The Trump administration may have abandoned its official efforts to insert a citizenship question into the 2020 U.S. census, but that doesn't mean the effects of those efforts aren't continuing. About a quarter of a million households are being asked that question, for every member of the household, as part of a "test" census form sent out to nearly half a million households.
It's not quite as hinky as it might at first seem. This is the test that was supposed to be done in order to gauge how the question would affect census responses, but that Trump administration officials wanted to ignore in their efforts to get the question on the 2020 census in time for census deadlines. The Census Bureau's experts believed that asking the question would result in fewer households returning the census at all, fearing that their answers would be used to target any noncitizen members of their families or simply as a reaction to the heightened suspicion that census probing was being used as a tool for law enforcement rather than for data collection. That would skew the census, perhaps heavily, in favor of white communities and white districts at the expense of those with more immigrants. This test will allow researchers to quantify that effect.
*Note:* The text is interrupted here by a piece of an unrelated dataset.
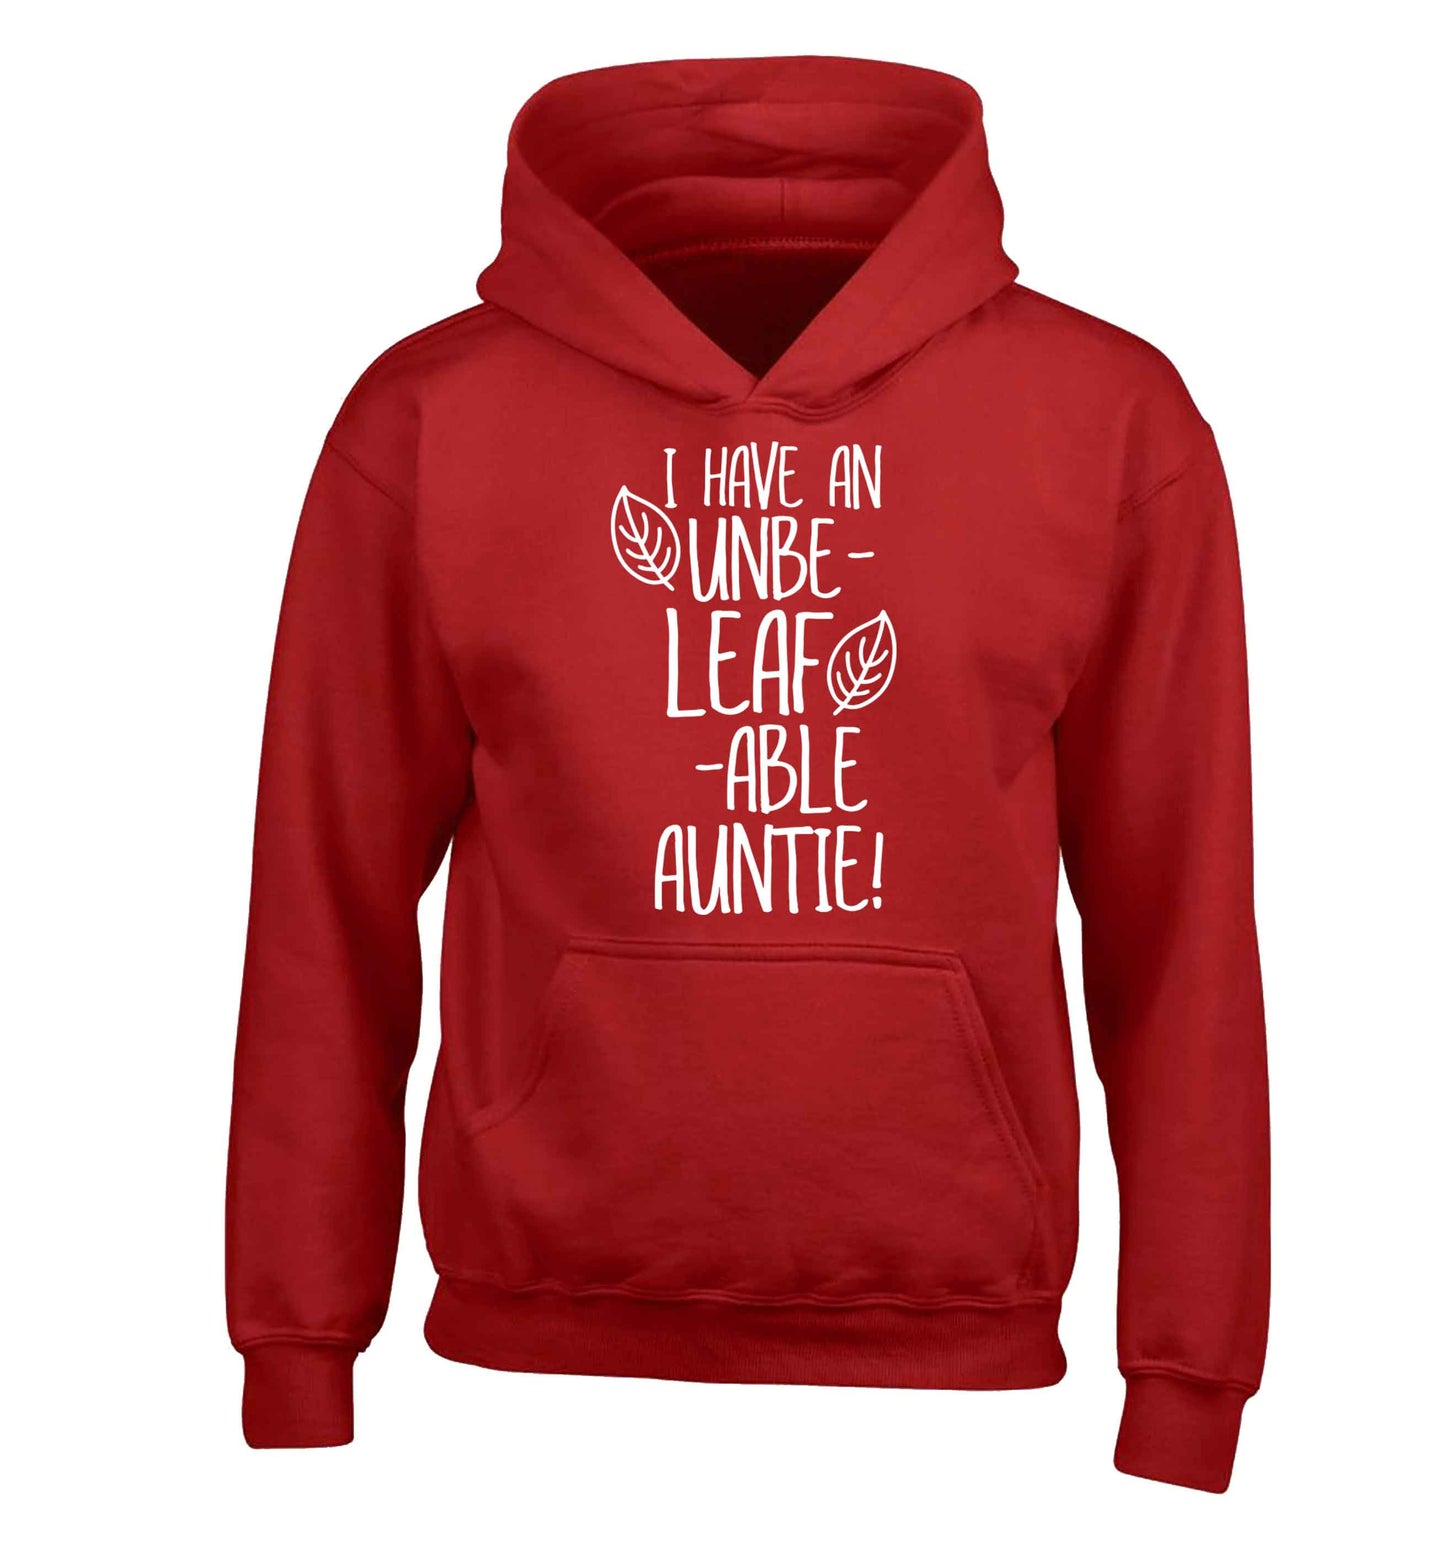 I have an unbe-leaf-able auntie children's red hoodie 12-13 Years

It is not without risks, however, Even though the form being sent out now is only a test version, it is still likely to raise the same suspicions—and it may not be clear to every household that it is, in fact, just a test. Recipients of the test version may be more suspicious of returning the real census forms later on, even if the same question no longer appears on them.
In the meantime, the Trump administration is continuing to be Official Assholes about the census efforts in general, and is evidently still devoted to using whatever citizenship data it can collect for a post-census reapportioning of federal power more heavily toward predominantly white communities. Rep. Ayanna Pressley asked Census Bureau director Steven Dillingham, during a Wednesday House Oversight subcommittee hearing, to clarify details of Donald Trump's executive order demanding that each federal agency assemble its existing citizenship data and send it on so that a government-wide data set could be crafted.
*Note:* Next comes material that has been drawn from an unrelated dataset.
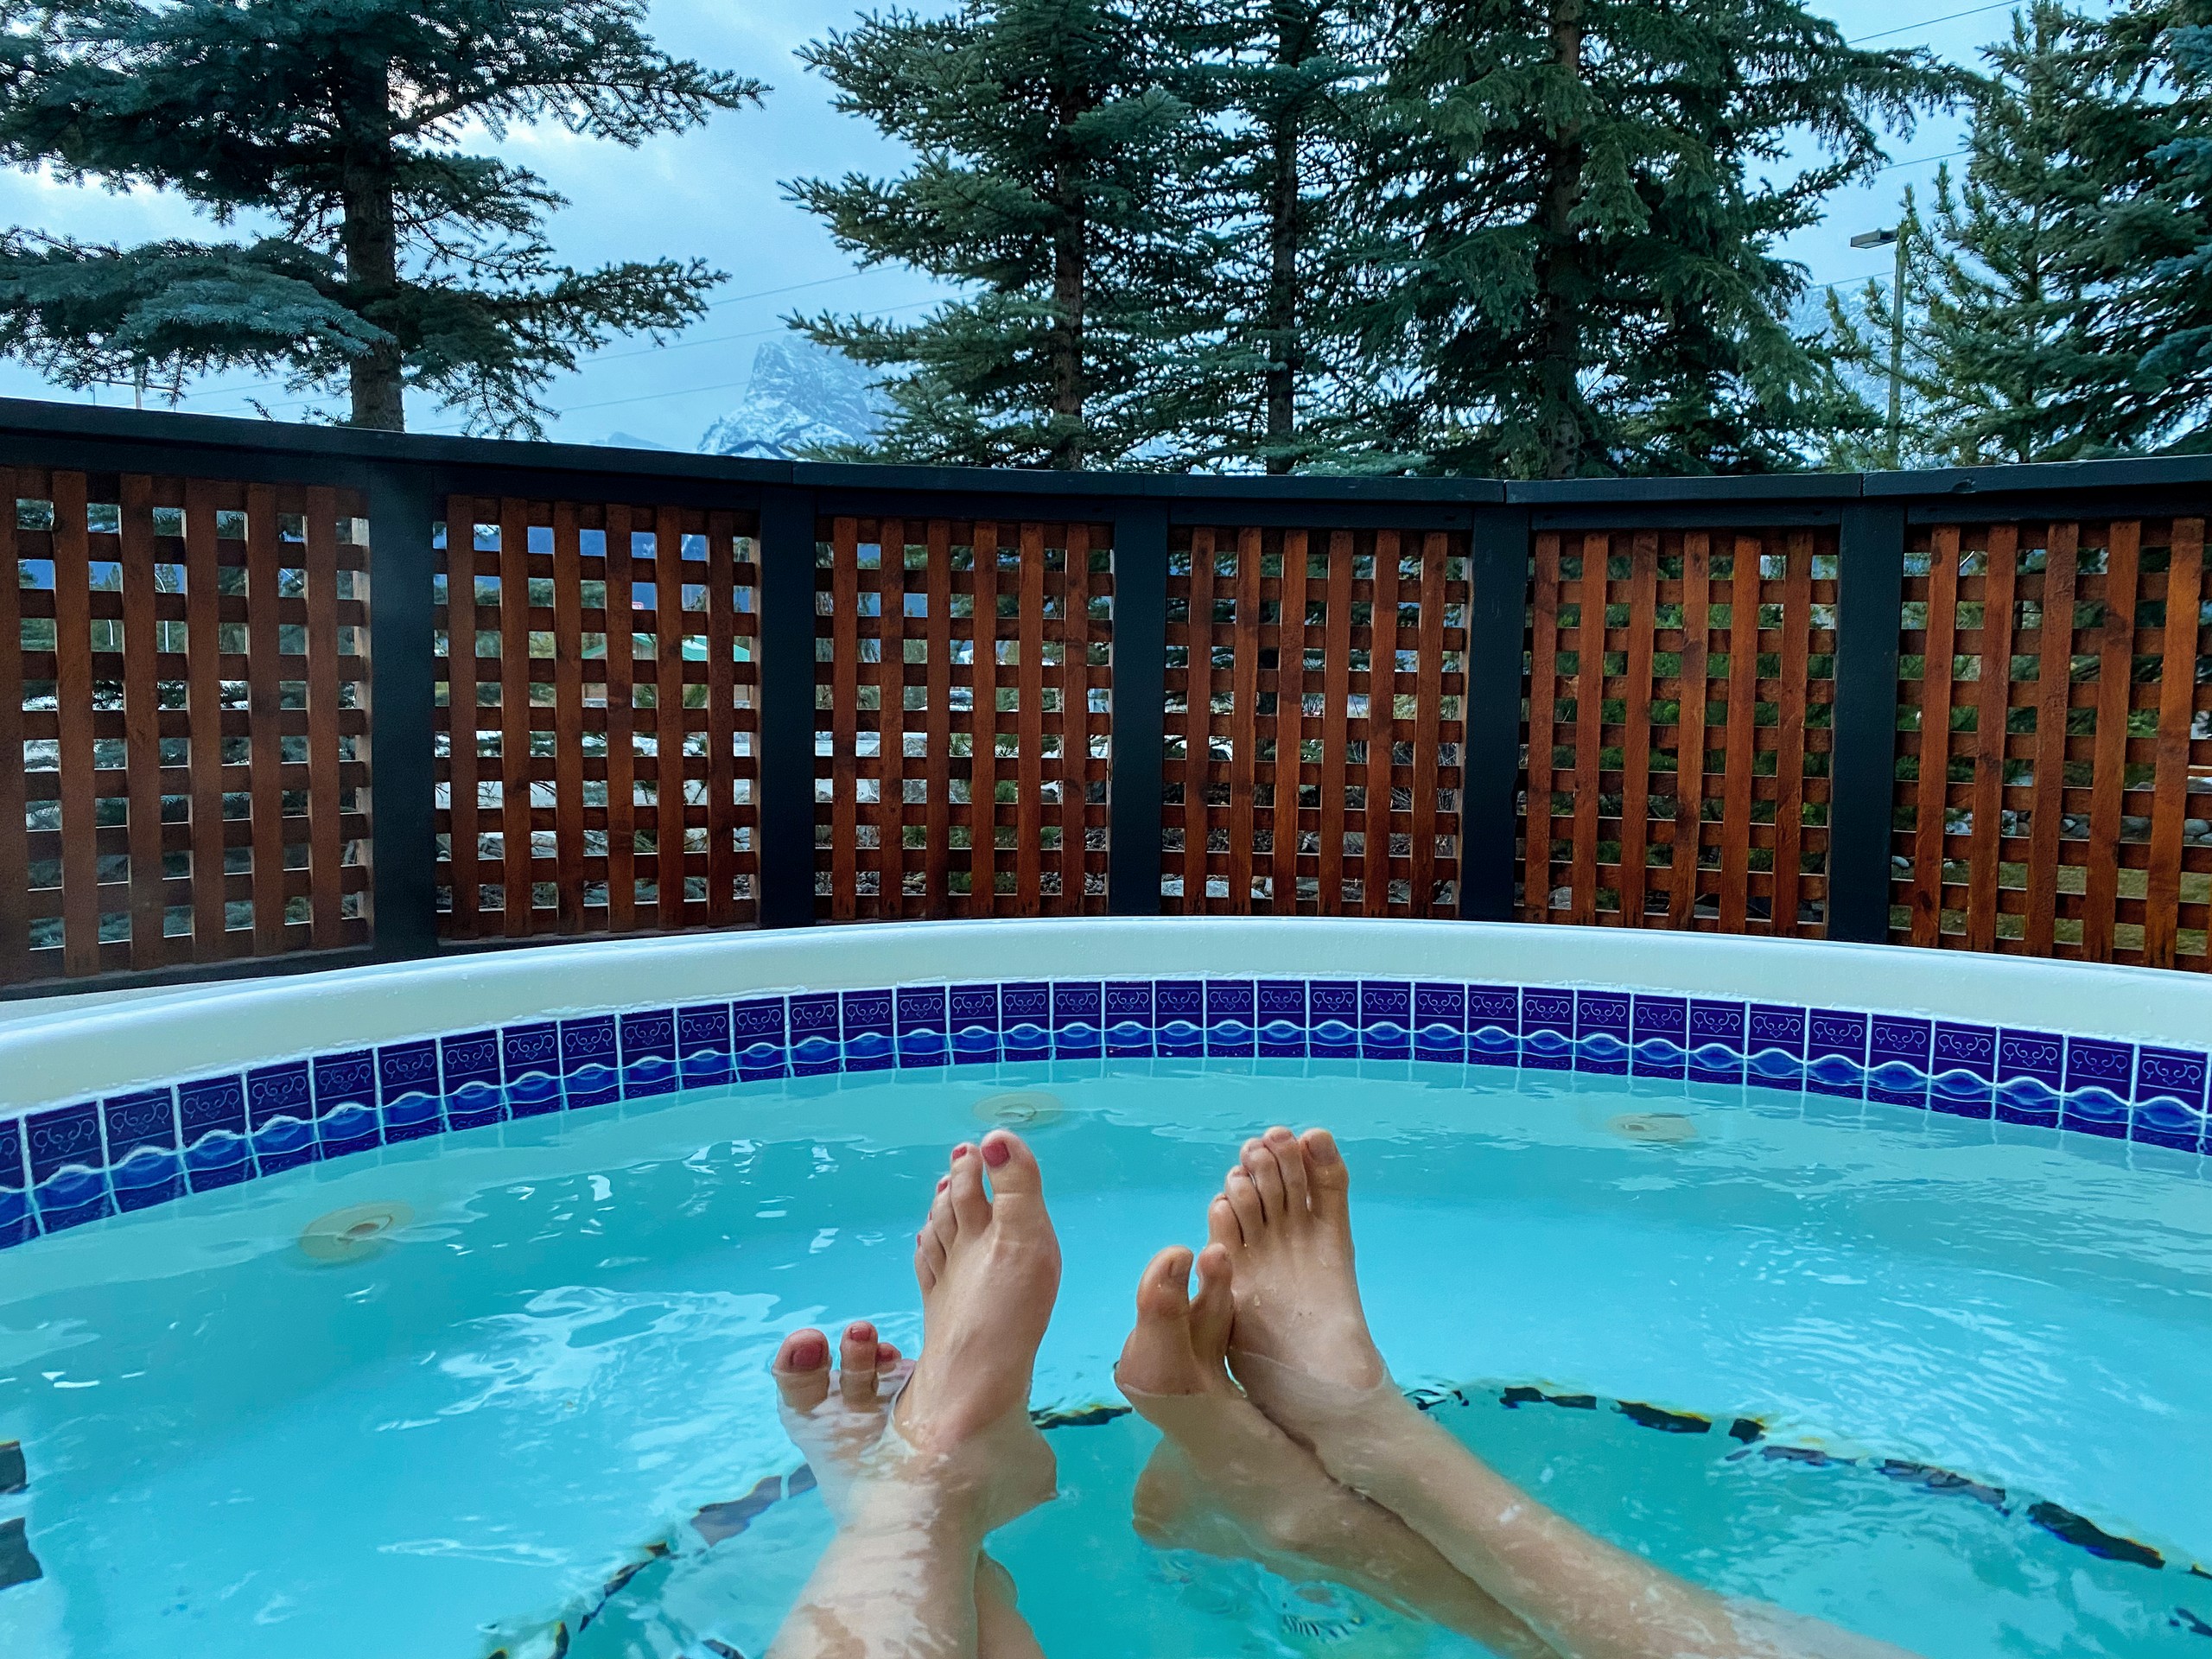 Enjoying the hottub at A Bear and Bison Inn

Specifically, she asked whether the data being collected would be specific enough that it could be used as the basis for Electoral College and House of Representatives reapportionment among states (of the sort that anti-immigration Republican strategists are demanding) and whether the Census Bureau, which he runs, would be handing the collected citizenship data over to assist states in doing their own post-census, citizen-filtered redistricting.
He couldn't answer those questions, which, as you can imagine, did not satisfy Pressley. "Let me get back to you on that," he promised. He's now been given 10 days to do so, so expect to hear more on this in nine days and 16 hours or so.
The Trump administration—or more accurately, the Republican Party as a whole—is still determined to do its damage on this one. It is taking every available avenue to boost its newly energized, white nationalism-infused agenda.